閻羅睜開眼睛,象徵著其律者能力的虹瞳在眼眶中如明燈般點亮。
雨水落在了她的鼻頭。
又在下雨。
她回到了她的世界,這個空無一人的寂靜之星。
她沒有像往常那樣去墳墓前弔唁眾人,也沒有去看自己的墓碑,而是盤腿坐在地上,安靜無聲地在大雨潤物細無聲的泥土地中思索著。
“但是希望兩全其美!希望完美的結局!希望電車就停在那永遠不需要傷害任何人的分叉口!有甚麼問題嗎!”
……蠢得她想笑。
哪怕她見過無數個林,也沒有哪一個蠢到這種地步,他以為這是拯救世界的遊戲嗎?
現實不是有理想有抱負甚至有能力就能夠達成你的目標。
所有人都死在了故事的結尾,那是壞結局。
許多人在拼盡全力後活下來,那是好結局。
而所有人都跨越了悲劇……那只是被描述的美好童話。
閻羅在有時間去翻閱世界上的所有書籍後,時常會看到一些題材,她將其稱為大人的童話。
不是“成人”童話,而是“大人”童話。
故事情節曲折,主人公多有磨難,總是被危機包圍的世界和……圍繞美好展開的主題。
這些題材的故事在結局,總會是以各種方式達成完美結局,有的甚至願意以機械降神的方式來推翻之前的設定來讓裡面的人物得到美好幸福的結局。
可能這就是大人的童話,在經歷了黑暗之後,才更願心向光明。
但閻羅知道他們不是在大人的童話中,這也不是一個故事。
現實離奇而突然,不想死的人會死,不想殺人的人會殺人,你的朋友上一秒會跟你有說有笑,下一秒就會血肉橫飛。
她從自身的經歷中得到的最大的一個收穫是——人不會在死之前留下深情的臺詞再死,也不會有聚光燈打在屍體上玫瑰花瓣落下組成唯美的畫面。
只會在一瞬間成為怪物、被烈火燒成焦炭、被重力壓出眼球腦漿、被剝奪身體機能變成乾屍……
跨越了黑暗就是光明嗎?也許只是更深邃更絕望的某種……東西。
“另一位都開始新生活了,你怎麼還在玉玉啊?”
“誰!”
唐突響起的聲音讓閻羅一個激靈起身,這聲音在如此近的距離她卻沒有感覺到附近有生命體?
“我是誰?嗯……這就說來話長了,也許要從幾萬年……幾十萬年?又或者不知道多久之前開始說起,但從我開始說起的話也就只有幾千年的時光吧。”那個聲音有些苦惱的沉吟,隨後無所謂地放開,“我是誰已經不重要了,一個量子之海中游蕩著的舊日亡靈和一個失敗者,哪個好聽用哪個吧。”

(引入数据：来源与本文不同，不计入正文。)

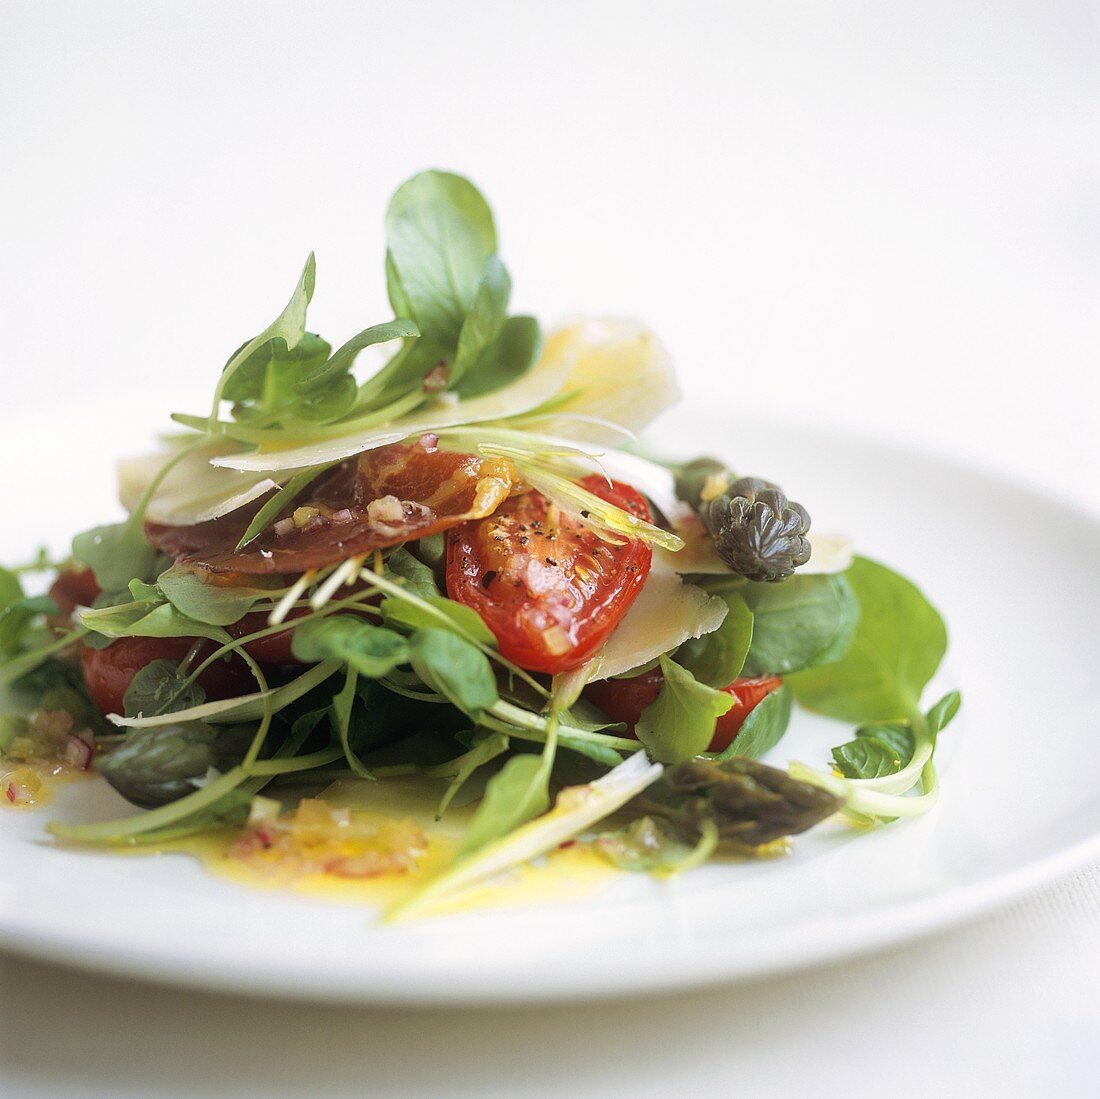 Watercress salad with tomato and Parmesan shavings

“……是你把我囚禁在了那個世界泡裡?”閻羅立即反應過來,這種悄無聲息接近她的事情之前也發生過,就是她在第二神之鍵內部觀測平行世界時被人偷襲然後和林一起被投入到世界泡中。
“這不是理所當然嗎?”對方輕鬆地回應,“放心,我沒有惡意,你和那位林都收穫頗多不是嗎?”
“你有甚麼目的?”
“我有甚麼目的……”他一字一句地咀嚼了一遍閻羅問的話。
沉默半晌,聲音才再次出現。
“我們的DNA裡的氮元素,我們牙齒裡的鈣元素,我們血液裡的鐵元素,還有我們吃掉的東西里的碳元素,都是曾經大爆炸時萬千星辰散落組成的,所以我們每個人都是星辰。”
“我們相遇的每一個人,生命中的每一次邁步,每一次抬頭,每一次睜眼,每一個選擇,都與另外一個人不同,我們的存在和我們度過的每一日,都是一個又一個的奇蹟。”
“如果宇宙大爆炸沒有發生?如果一顆又一顆的恆星沒有毀滅?如果地球的地形發生了微小的改變?如果當初鑽入卵子的是另一條精子?一切都會和現在不一樣,每一個人的誕生本身就是一個又一個微小機率事件的疊加。”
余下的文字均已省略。